> Exercise objective
Although the material holds pictures, none belong in the copy; transcribe exactly, and only, the lines from the one with "14k white gold" through the end.

> Data

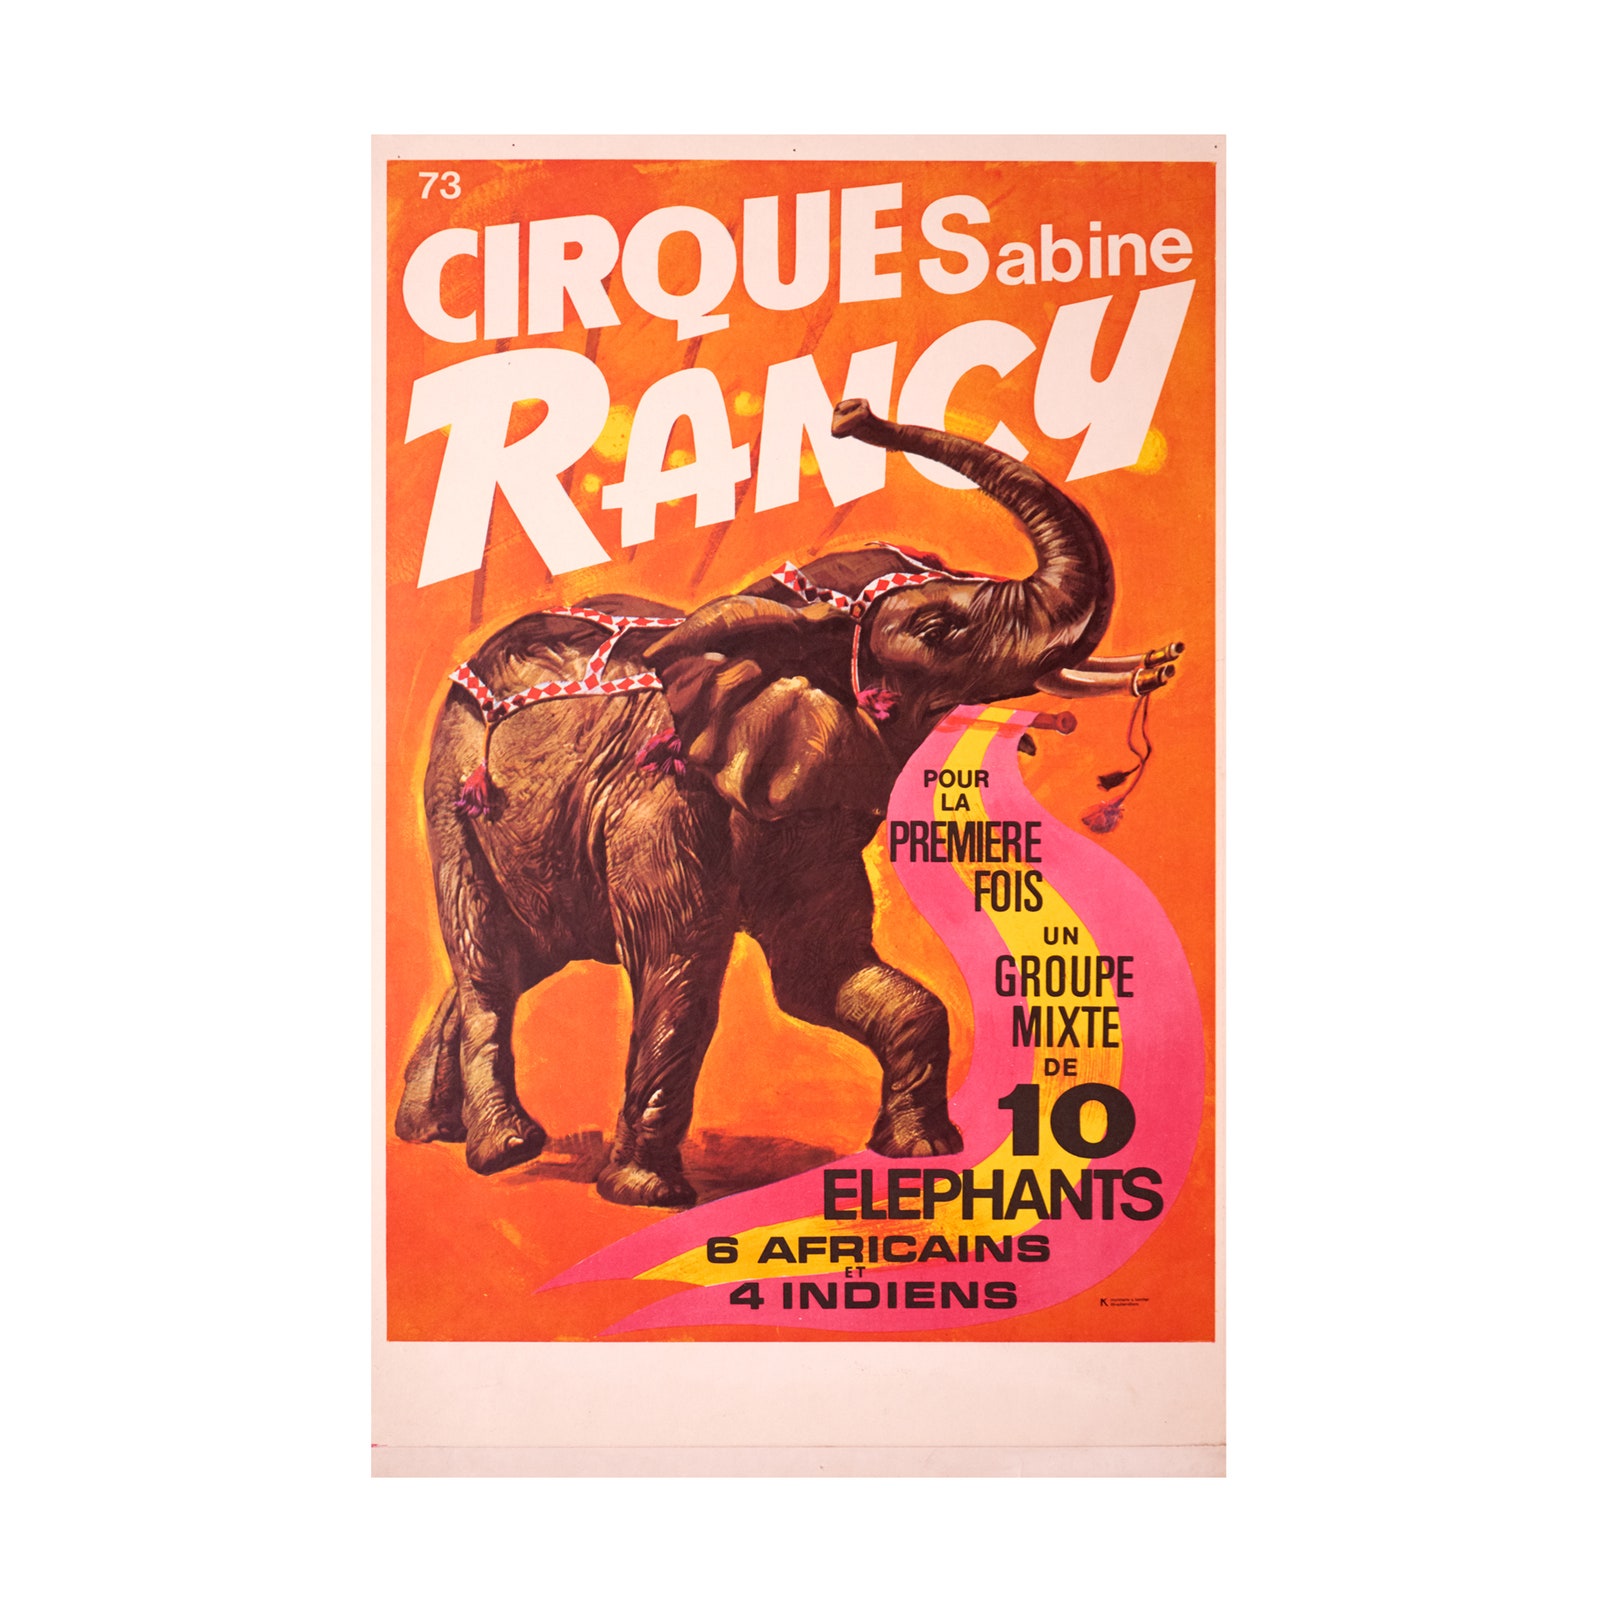 Постер Cirque Sabine Rancy 1973 год из галереи SetisArtSpace.
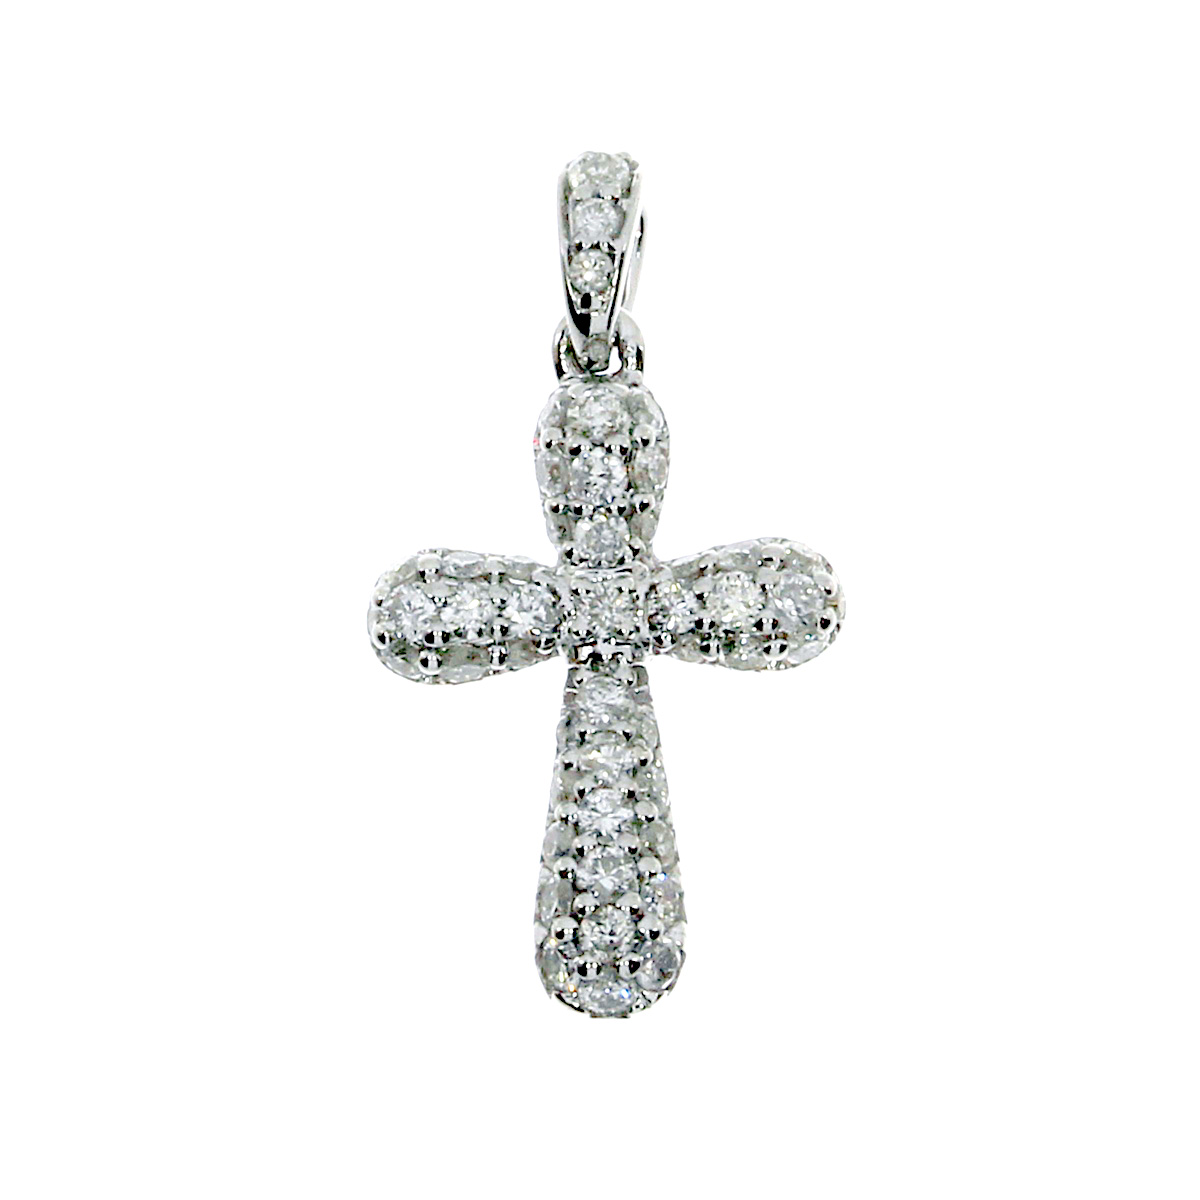 14k white gold cross pendant with shimmering diamonds.
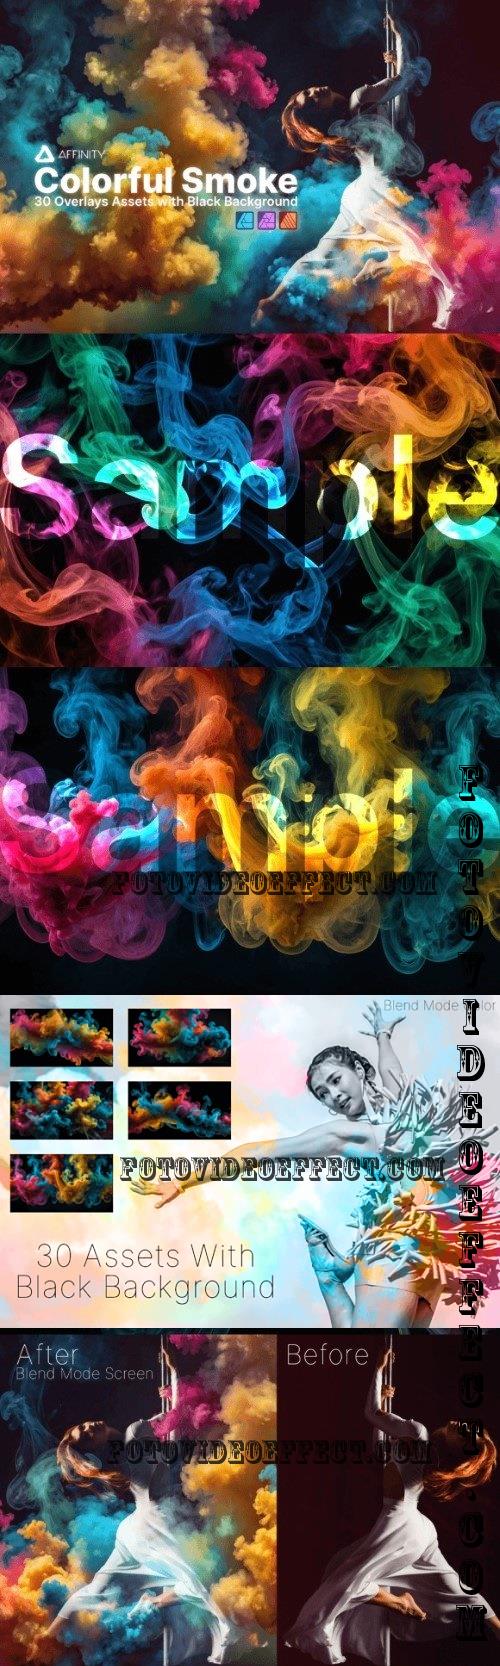 Affinity Assets Colourful Smoke Overlays
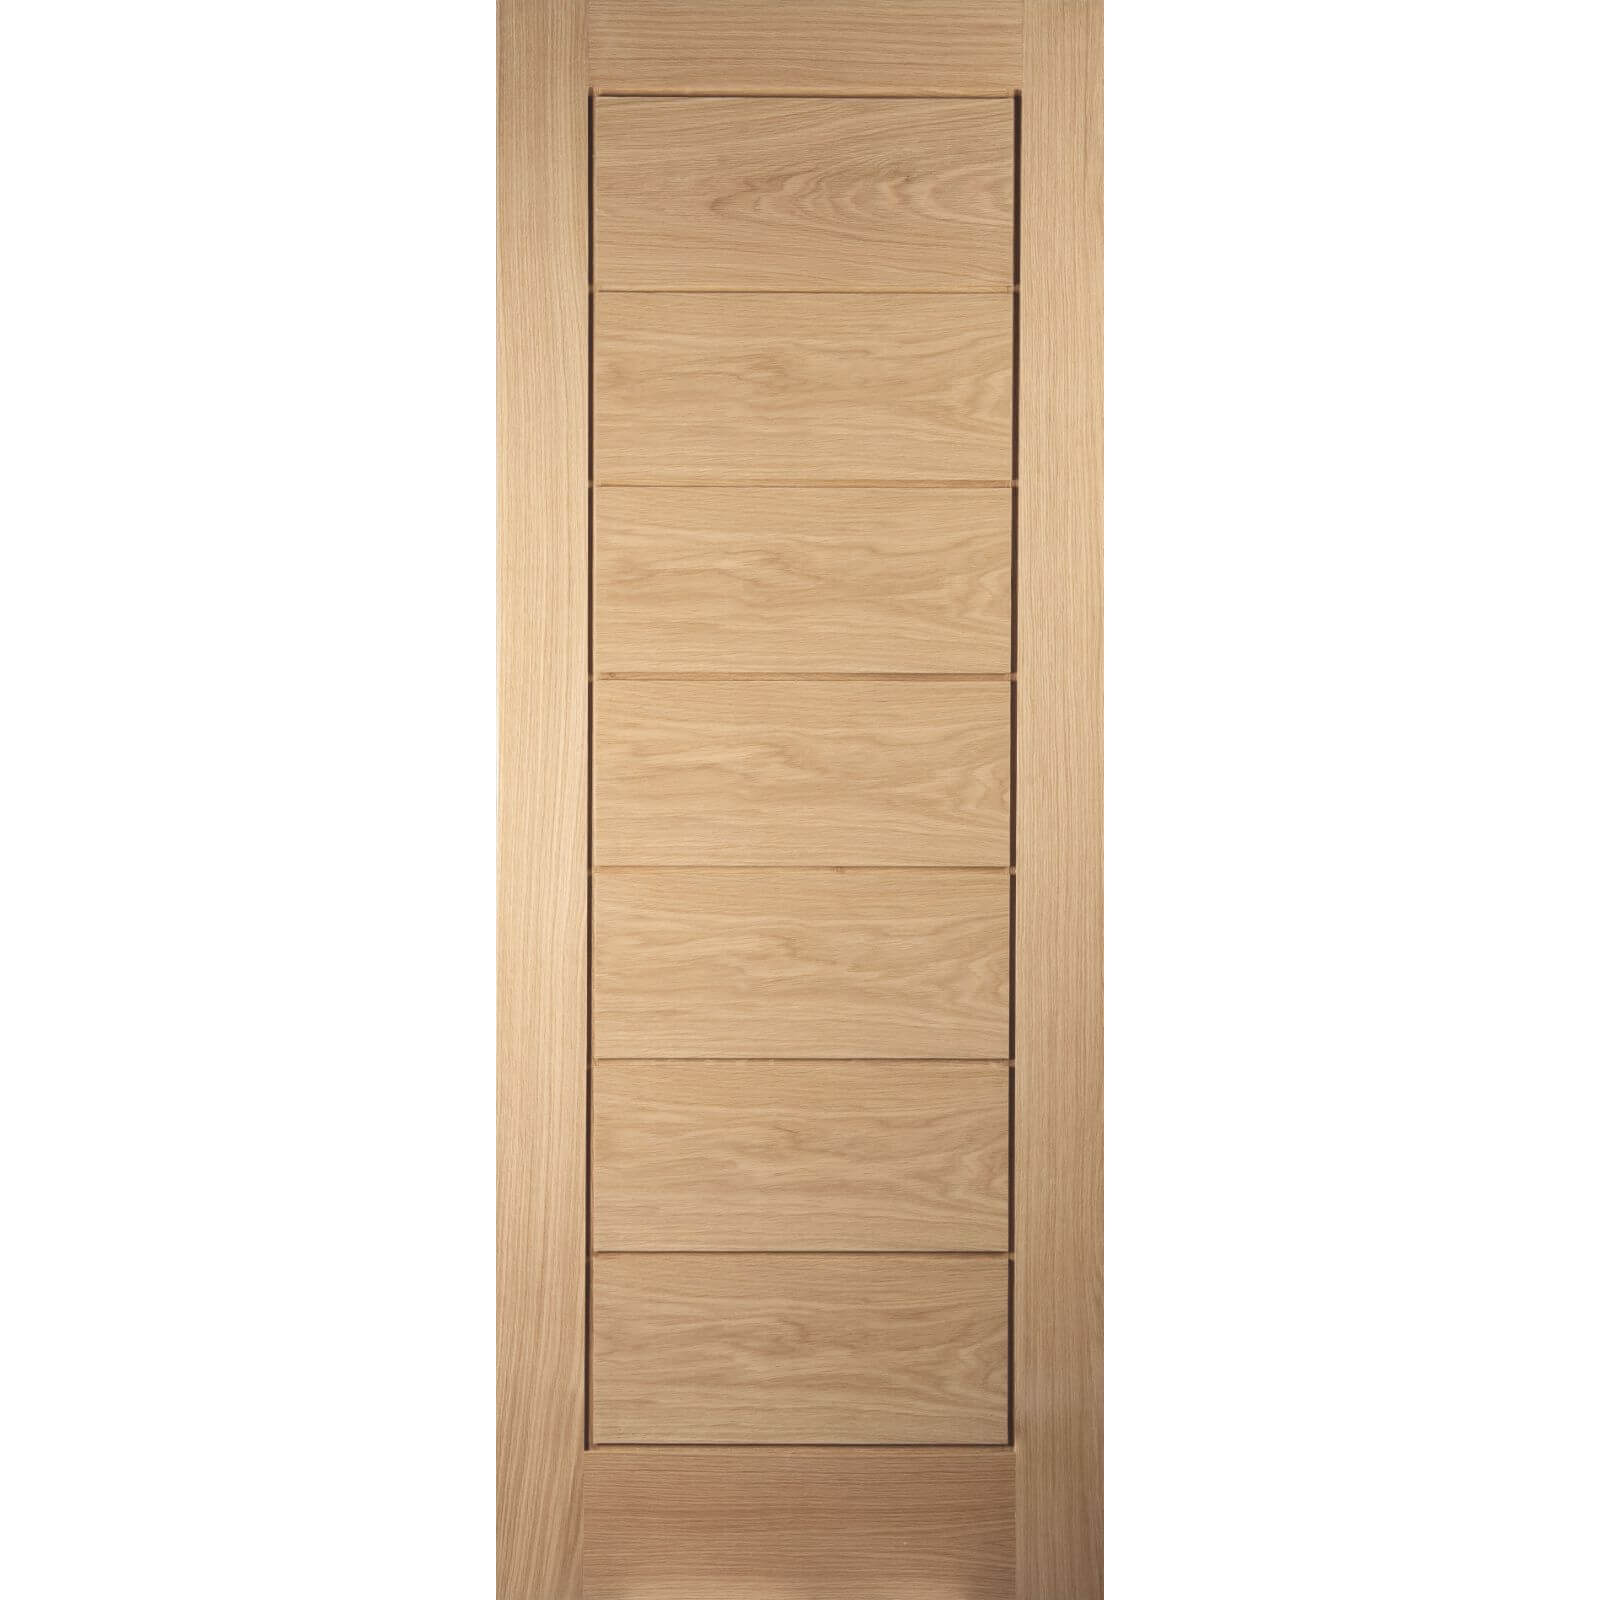 Horizontal White Oak Veneer Internal Door - 762mm Wide

> Solution to this task
 14k white gold cross pendant with shimmering diamonds.
 Affinity Assets Colourful Smoke Overlays
 Horizontal White Oak Veneer Internal Door - 762mm Wide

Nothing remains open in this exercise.